Degradation-aware multi-objective optimization of wind-battery energy systems using NSGA-II


EROĞLU H.

Engineering Science and Technology, an International Journal, cilt.80, 2026 (SCI-Expanded, Scopus) identifier

  • Yayın Türü: Makale / Tam Makale
  • Cilt numarası: 80
  • Basım Tarihi: 2026
  • Doi Numarası: 10.1016/j.jestch.2026.102443
  • Dergi Adı: Engineering Science and Technology, an International Journal
  • Derginin Tarandığı İndeksler: Science Citation Index Expanded (SCI-EXPANDED), Scopus, INSPEC, Directory of Open Access Journals
  • Anahtar Kelimeler: Battery degradation, Energy storage optimization, Multi-objective optimization, NSGA-II, Wind–battery systems
  • Recep Tayyip Erdoğan Üniversitesi Adresli: Evet

Özet

Battery energy storage systems (BESS) are increasingly integrated with wind power plants to mitigate production variability and enhance economic performance in electricity markets. However, optimal battery sizing requires simultaneous consideration of economic profitability, operational smoothing capability, and lifecycle degradation, which inherently represent conflicting objectives. This study proposes a degradation-aware multi-objective optimization framework for wind–battery energy systems using the Non-Dominated Sorting Genetic Algorithm II (NSGA-II). The framework integrates dynamic state-of-charge modeling, equivalent full cycle (EFC) based degradation estimation, and capital recovery factor (CRF) based economic evaluation within a continuous optimization structure. Real operational data consisting of 744 h of wind generation and electricity price information from a 70 MW wind power plant are employed to evaluate system performance. The optimization results reveal a well-defined three-dimensional Pareto surface representing nonlinear trade-offs among net profit, grid injection variance, and battery degradation.
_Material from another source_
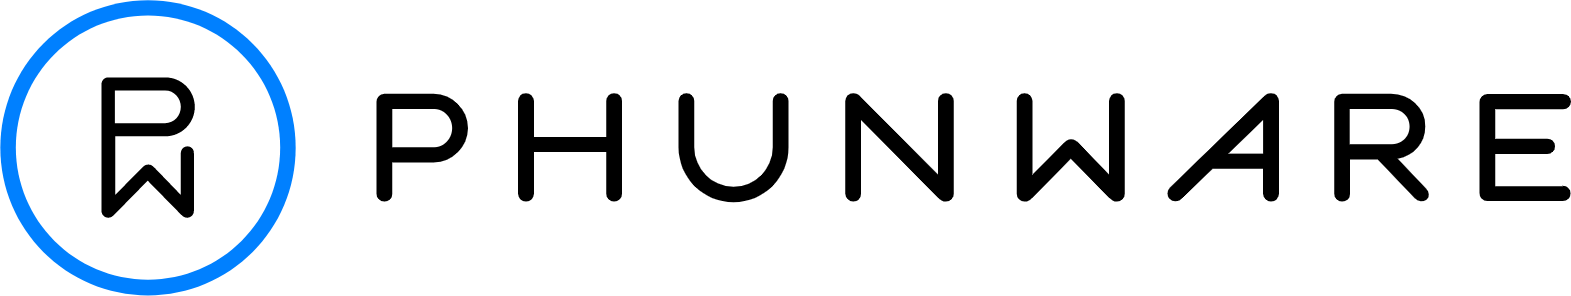 Phunware logo large (transparent PNG)

The deterministic benchmark identifies a profit-maximizing configuration with a storage capacity of approximately 5.0 MWh and a net profit of approximately $632,687 over the analyzed period. In contrast, the NSGA-II optimization generates a diverse Pareto solution set enabling flexible trade-off analysis. The TOPSIS-based compromise solution selected using weights of 0.50 for profit, 0.25 for variance, and 0.25 for degradation, corresponds to a battery capacity of 10.18 MWh and a power rating of 2.00 MW, achieving a net profit of approximately $266,189 over the simulation period. Pareto quality evaluation yields a hypervolume value of 66,038,808 and a spread indicator of 0.455. The results demonstrate that degradation-aware multi-objective optimization provides a complementary framework for wind–battery system planning, offering diverse Pareto trade-offs unavailable to deterministic sizing approaches.